ALTAN TAN (Diyarbakır) – Bu hangi gazetede çıkmış?
FARUK BAL (Konya) – Bütün İnternet sitelerinde.
Burada önce ben MHP’nin bu teklifinin özünü anlatmak istiyorum. Elimizdeki yemin metni, yemin eden insanların yemin metni gereği kendilerini bağlı hissedebileceği bir metin değil. Kendilerini bağlı hissedeceği bir metin olmadığı için, bu bağ da ancak vicdan ile kişiyi bağlayacak olan husus inancıdır. “İnancı da neyse ona göre yemin etsin.” diyerek böyle bir masum teklifi ileri sürdük. Bu, hakikaten, bizim parlamenter demokrasi içerisinde milletvekillerinin vekillik fonksiyonlarını güçlendirirken, bir yandan parti disipliniyle iradelerinin baskı altında tutulmasına karşı bir direnç unsuru yaratacak, diğer yandan da milletvekillerine verilecek olan diğer yasama göreviyle ilgili genişletilmiş görevlerine manevi bir güç verecek, bu amaçla yapılmıştır.

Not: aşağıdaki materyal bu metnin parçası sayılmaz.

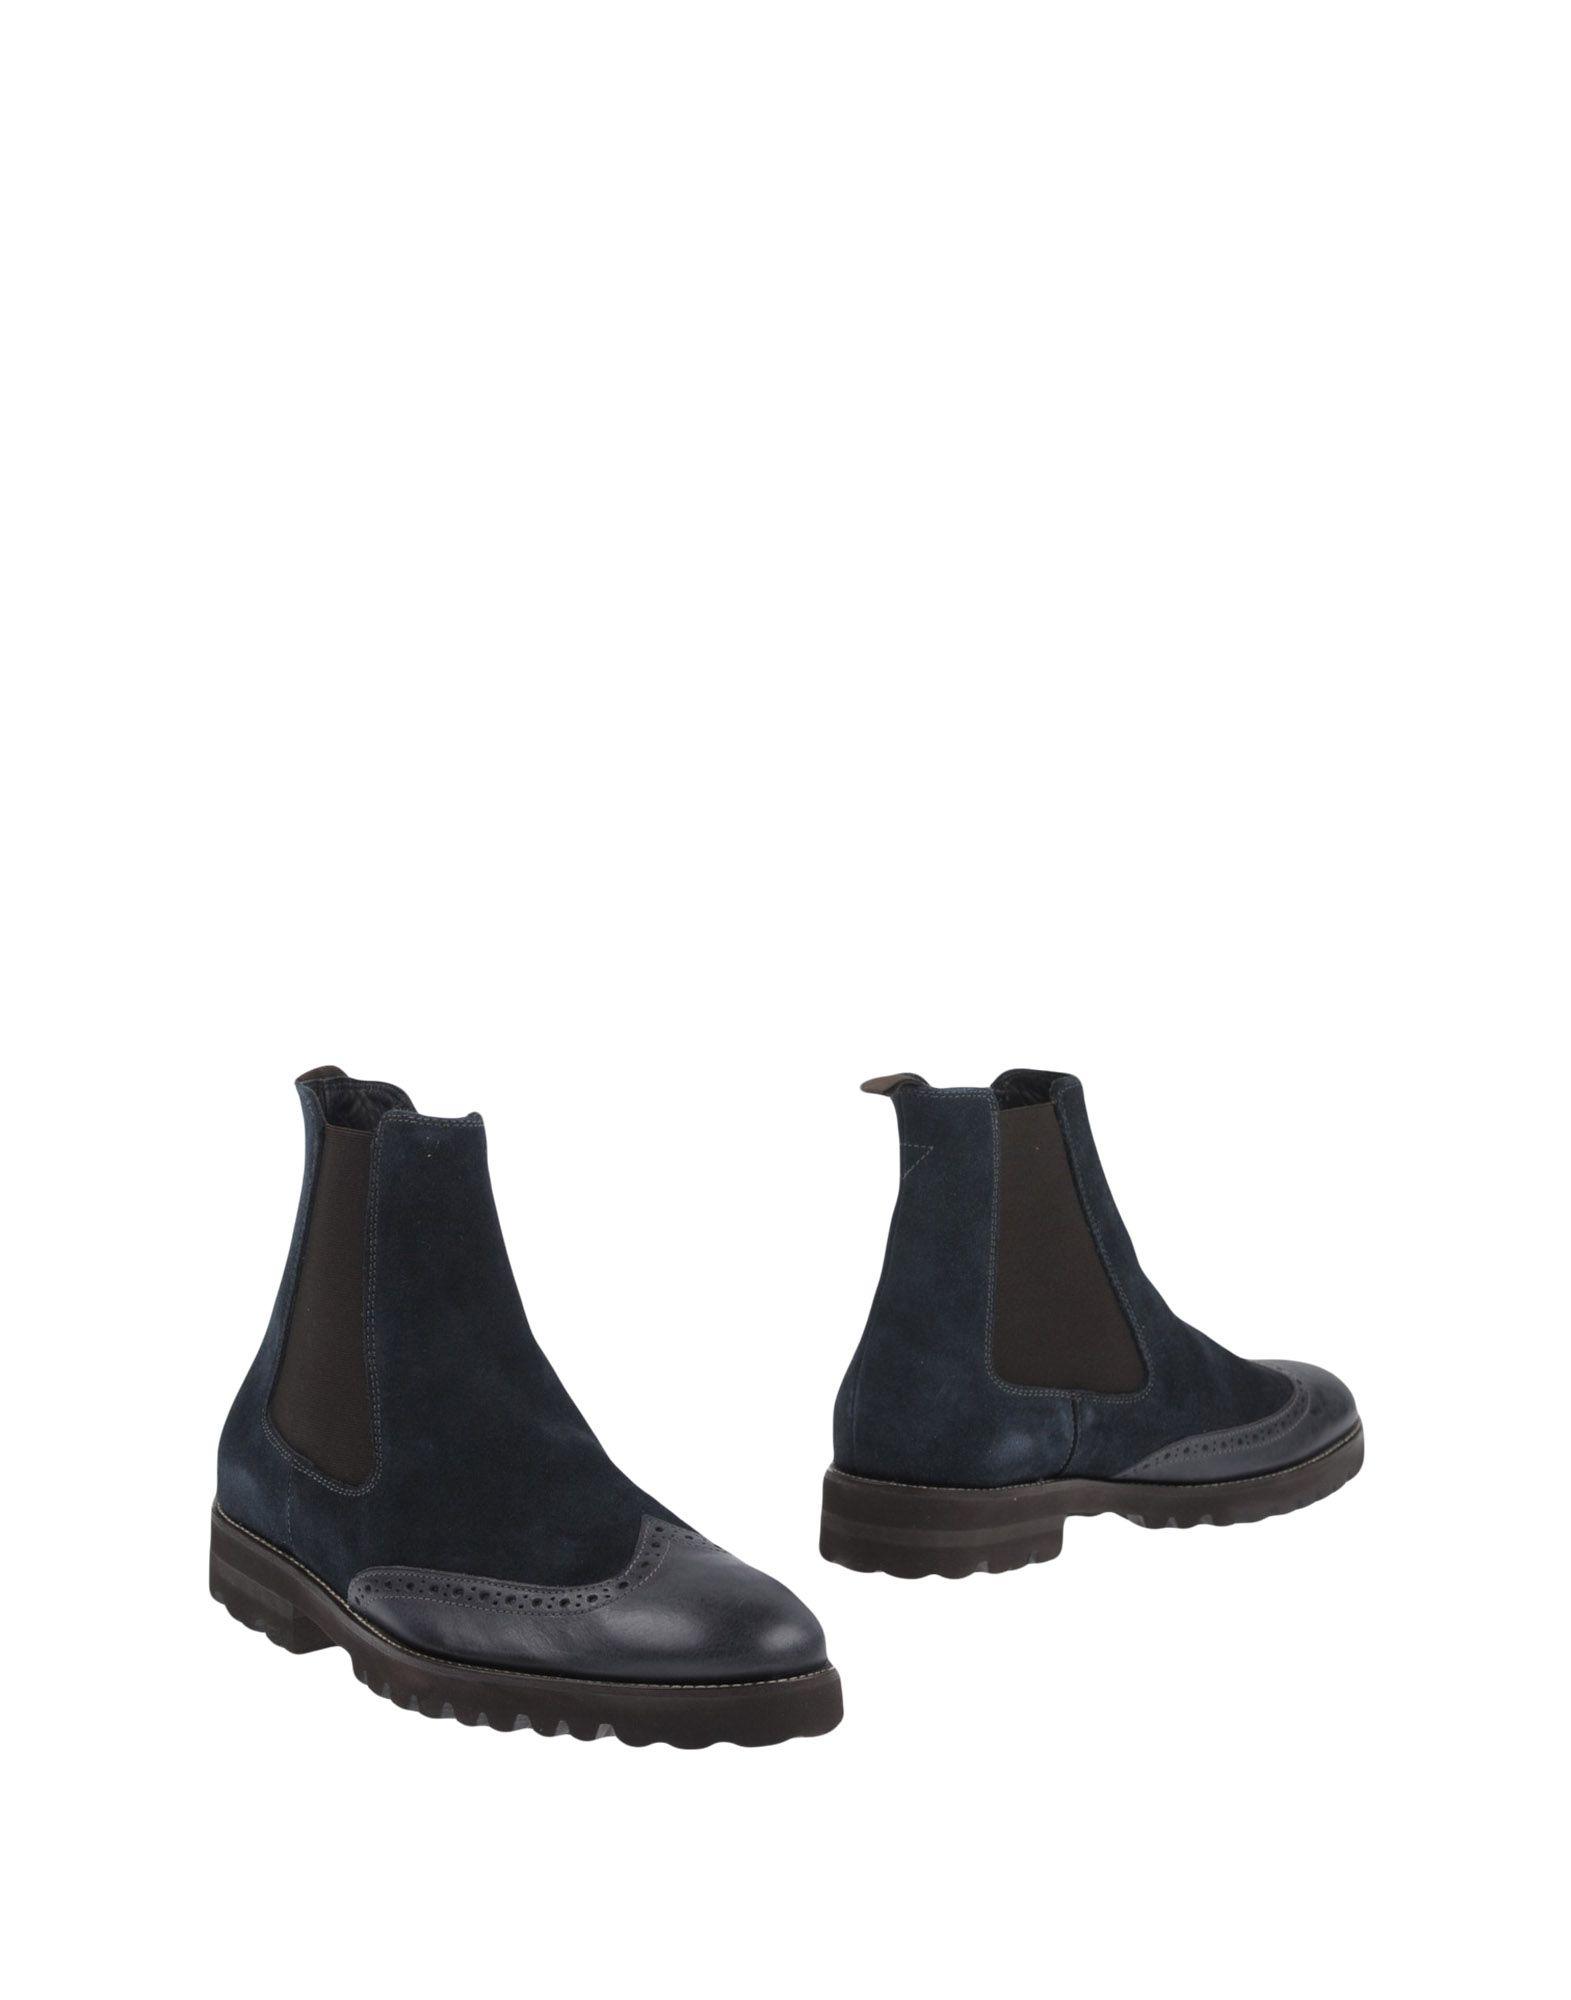 SWAMP Полусапоги и высокие ботинки magazzini del sale полусапоги и высокие ботинки

Bu amaçla yapılan bir teklif demek ki Komisyonda görüşülmediği göre, basına bilgi aktaran kaynaklar var. Bu kimse… Dün bunu tartıştık. Ben şeref meselesini ortaya koyarak “Öyle bir bilgi bizim tarafımızdan çıkmamıştır.” diye açık ve seçik olarak ifade ettim. Buradan bir bilgi çıktığı düşüncesini de doğrusu zayıf bir ihtimal olarak görüyorum ama dışarıda…
ALTAN TAN (Diyarbakır) – Tamamen asparagas, mesela dün gündeme gelmemişti.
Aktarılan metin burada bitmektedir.